WHAT YOU HAVE TO DO: The answer is to be the lines below that lie between the line holding "Apartamento en venta en Caleta de Vélez" and the line holding "Beverly Hills Tennis", inclusive, transcribed exactly and free of pictures.

DATA FOR REVIEW:
Segment Open

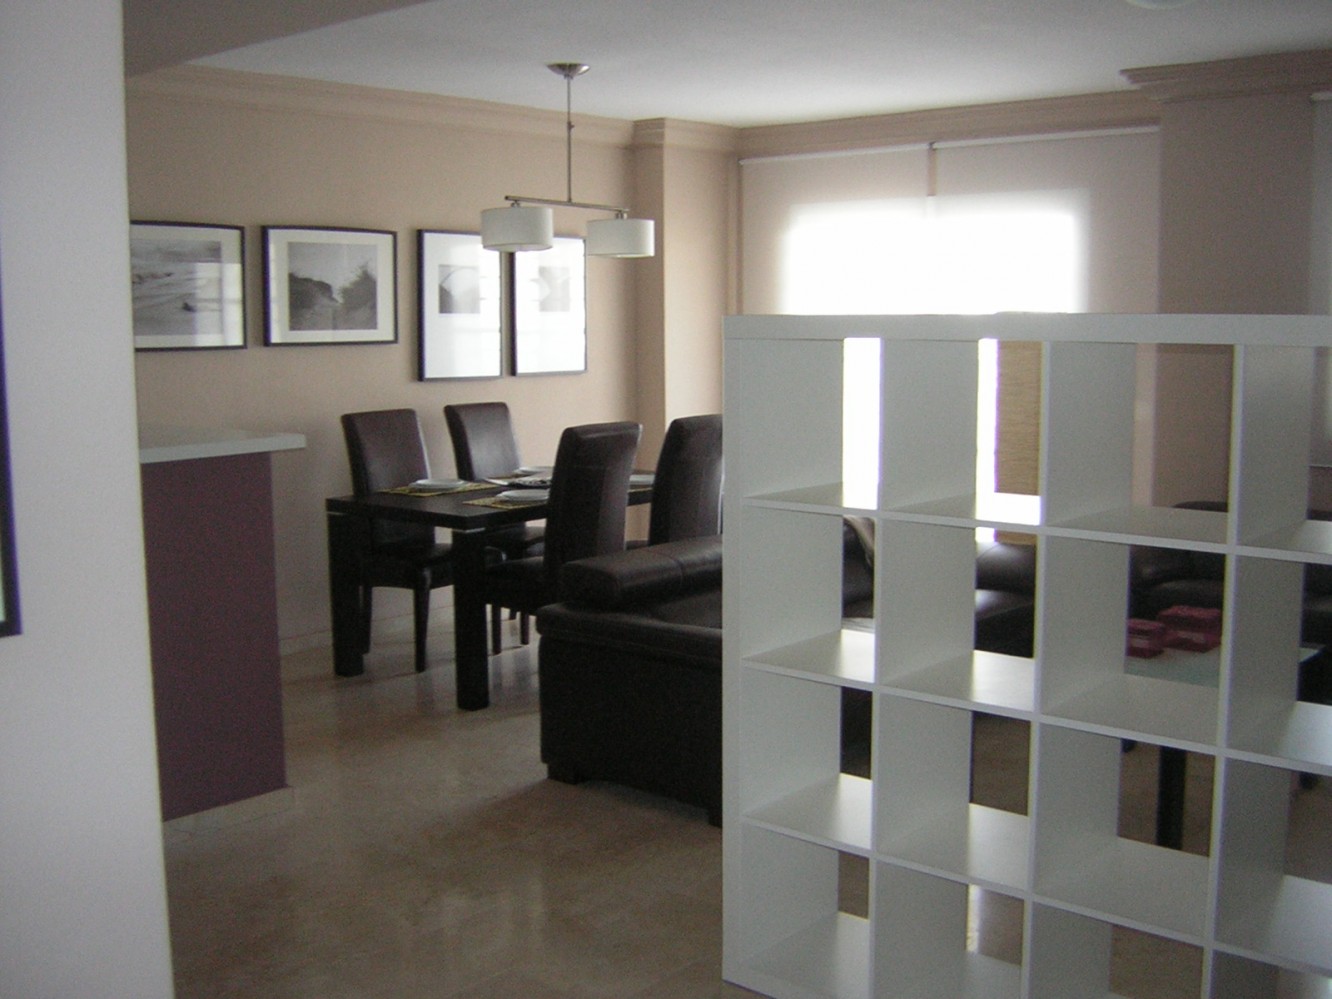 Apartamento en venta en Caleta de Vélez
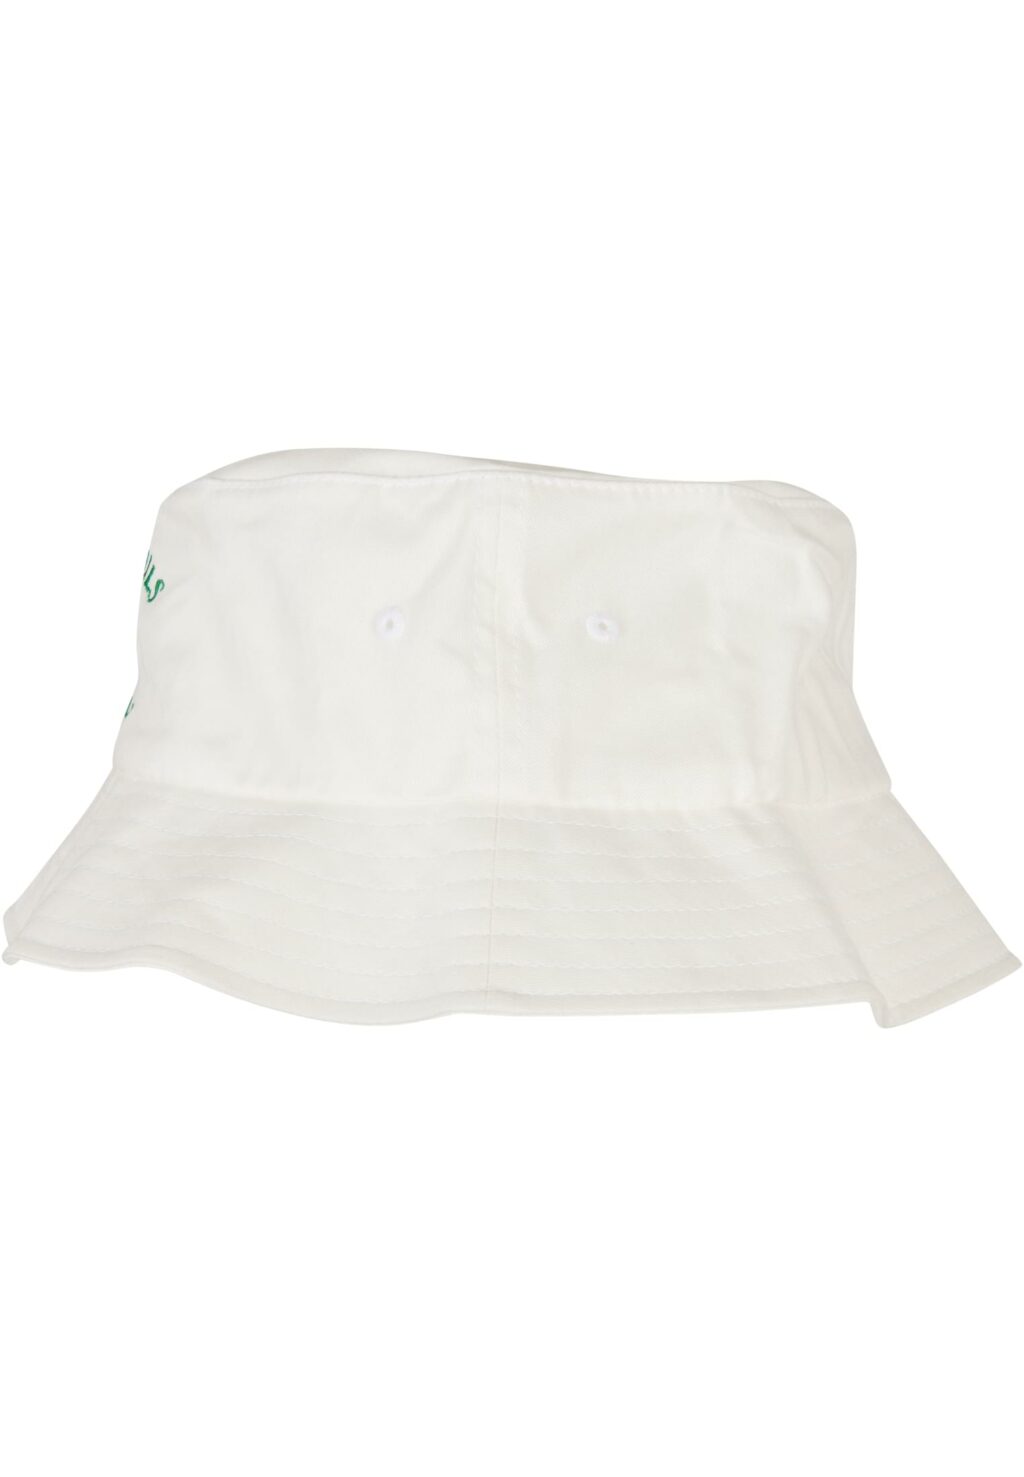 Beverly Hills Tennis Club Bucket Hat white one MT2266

Segment Closed
Segment Open

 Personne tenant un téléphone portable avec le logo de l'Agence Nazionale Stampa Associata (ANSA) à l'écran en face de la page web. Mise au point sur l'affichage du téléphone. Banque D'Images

Segment Closed
Segment Open

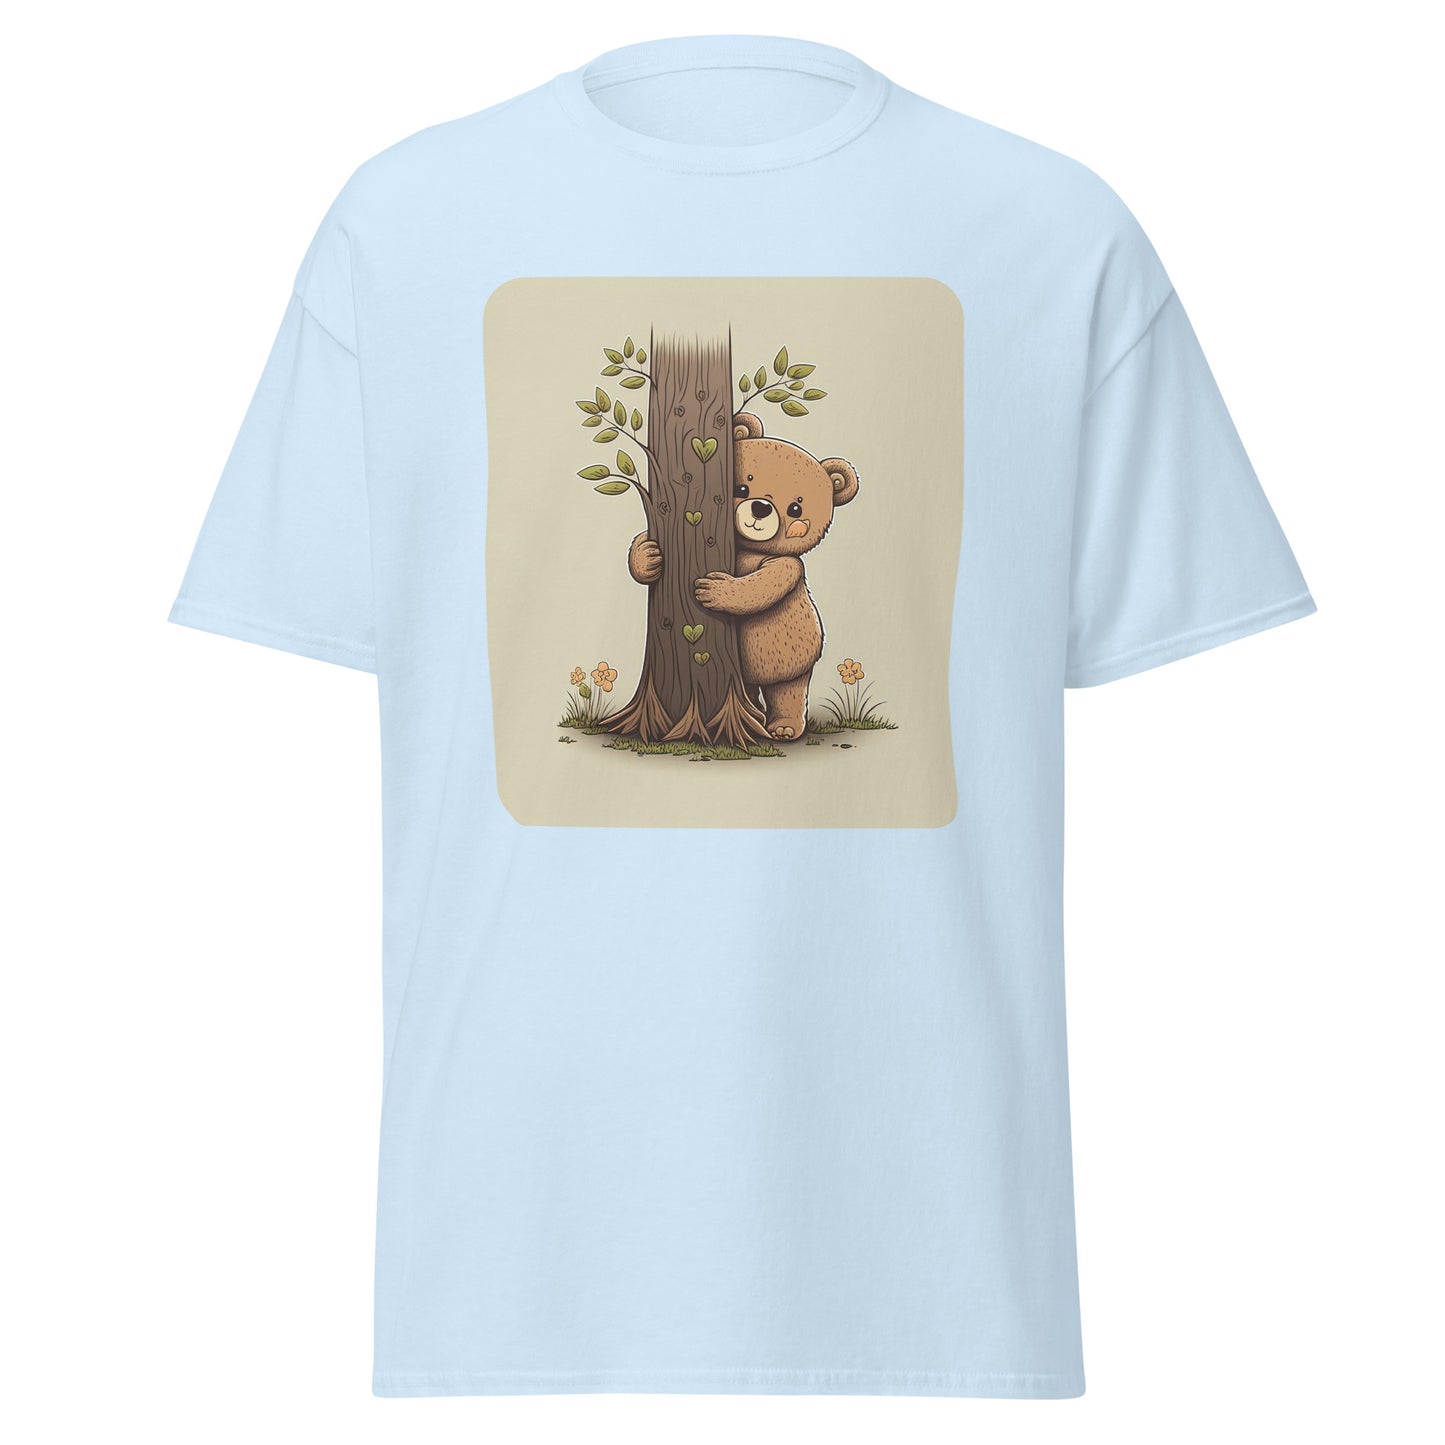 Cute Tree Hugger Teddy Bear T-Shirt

Segment Closed

TASK SOLUTION:
 Apartamento en venta en Caleta de Vélez
 Beverly Hills Tennis Club Bucket Hat white one MT2266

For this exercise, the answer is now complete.